Pair Corralation between InterContinental and Investment

Assuming the 90 days trading horizon InterContinental Hotels Group is expected to generate 22.1 times more return on investment than Investment. However, InterContinental is 22.1 times more volatile than The Investment. It trades about 0.55 of its potential returns per unit of risk. The Investment is currently generating about 0.21 per unit of risk. If you would invest  847,400  in InterContinental Hotels Group on September 4, 2024 and sell it today you would earn a total of  138,200  from holding InterContinental Hotels Group or generate 16.31% return on investment over 90 days.
Time Period3 Months [change]
DirectionMoves Together 
StrengthSignificant
Accuracy100.0%
ValuesDaily Returns

InterContinental Hotels Group  vs.  The Investment

 Performance 
       Timeline  
InterContinental Hotels 

Risk-Adjusted Performance

31 of 100

 
Weak
 
Strong
Very Strong
Compared to the overall equity markets, risk-adjusted returns on investments in InterContinental Hotels Group are ranked lower than 31 (%) of all global equities and portfolios over the last 90 days. In spite of rather uncertain technical and fundamental indicators, InterContinental exhibited solid returns over the last few months and may actually be approaching a breakup point.
Investment 

Risk-Adjusted Performance

6 of 100

 
Weak
 
Strong
Modest
Compared to the overall equity markets, risk-adjusted returns on investments in The Investment are ranked lower than 6 (%) of all global equities and portfolios over the last 90 days. In spite of rather sound technical and fundamental indicators, Investment is not utilizing all of its potentials. The newest stock price tumult, may contribute to shorter-term losses for the shareholders.
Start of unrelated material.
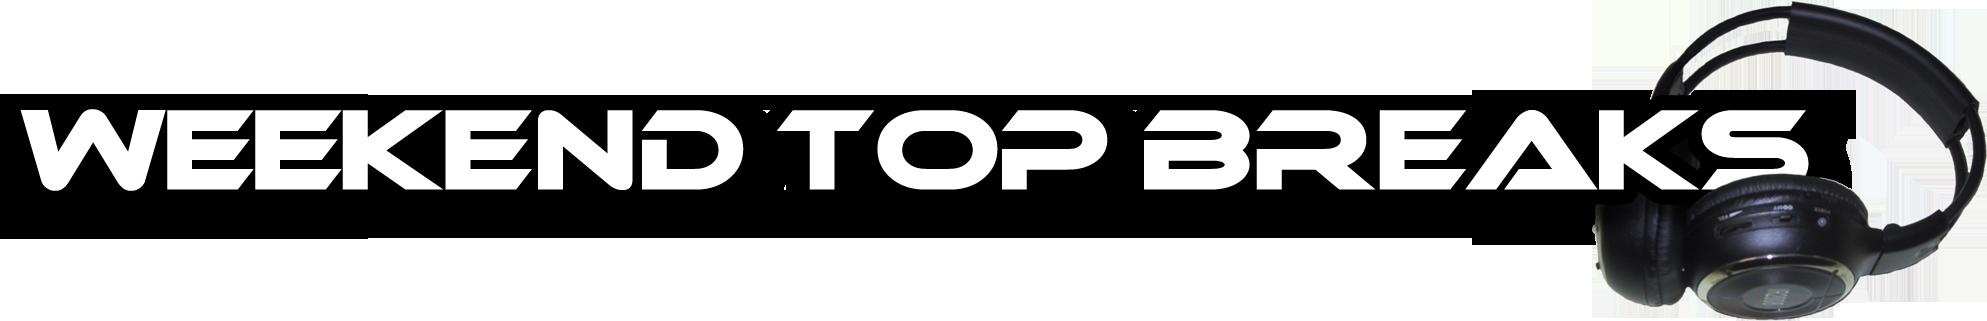 Weekend TOP Breaks (03/08/2012 - 05/08/2012)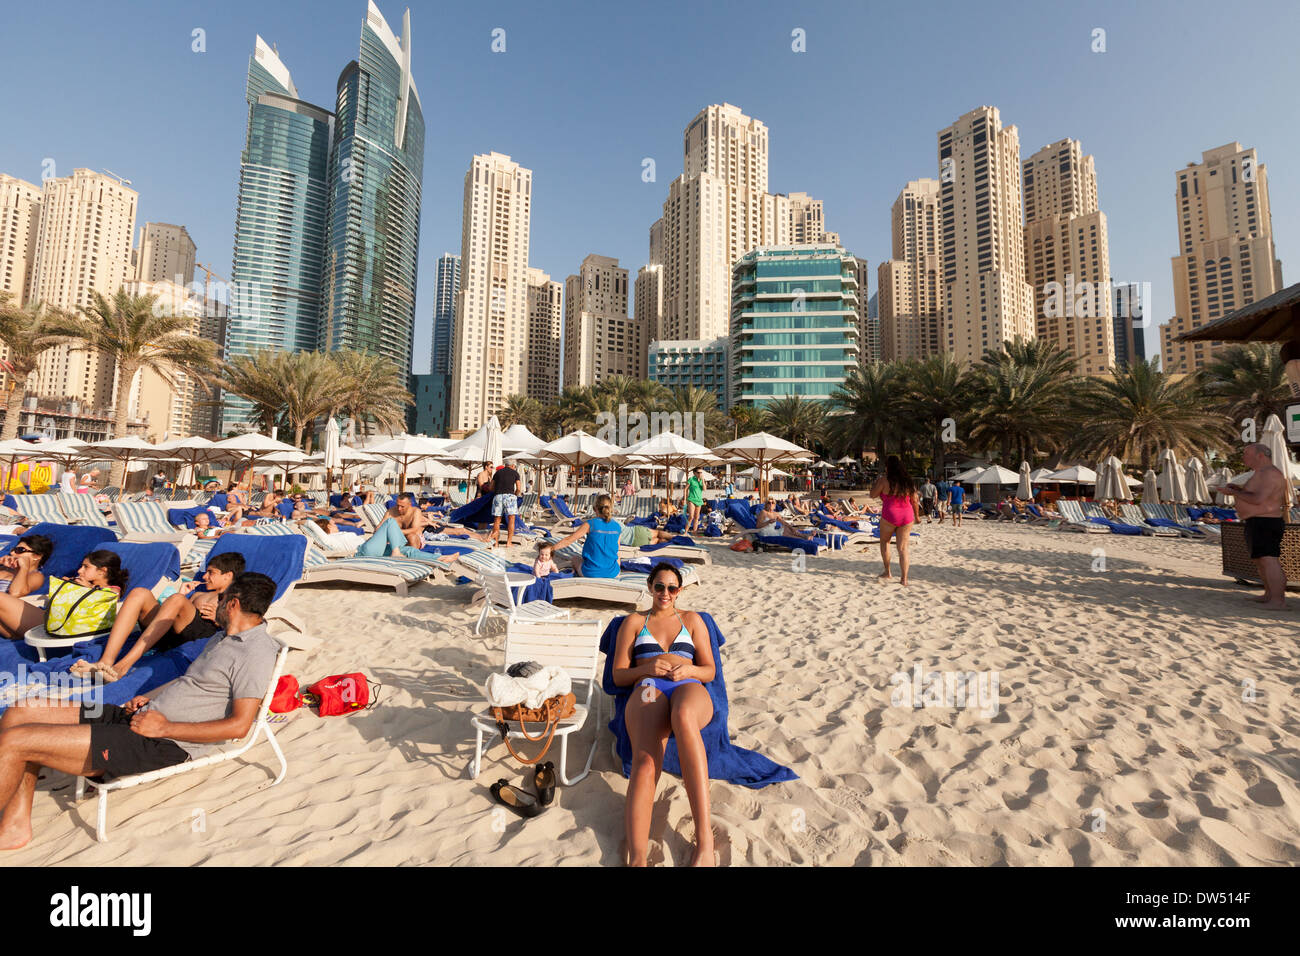 Beach Resorts In Dubai Cheap

InterContinental and Investment Volatility Contrast

   Predicted Return Density   
       Returns  

Pair Trading with InterContinental and Investment

The main advantage of trading using opposite InterContinental and Investment positions is that it hedges away some unsystematic risk. Because of two separate transactions, even if InterContinental position performs unexpectedly, Investment can make up some of the losses. Pair trading also minimizes risk from directional movements in the market. For example, if an entire industry or sector drops because of unexpected headlines, the short position in Investment will offset losses from the drop in Investment's long position.
The idea behind InterContinental Hotels Group and The Investment pairs trading is to make the combined position market-neutral, meaning the overall market's direction will not affect its win or loss (or potential downside or upside). This can be achieved by designing a pairs trade with two highly correlated stocks or equities that operate in a similar space or sector, making it possible to obtain profits through simple and relatively low-risk investment.
Check out your portfolio center.
Note that this page's information should be used as a complementary analysis to find the right mix of equity instruments to add to your existing portfolios or create a brand new portfolio. You can also try the Global Correlations module to find global opportunities by holding instruments from different markets.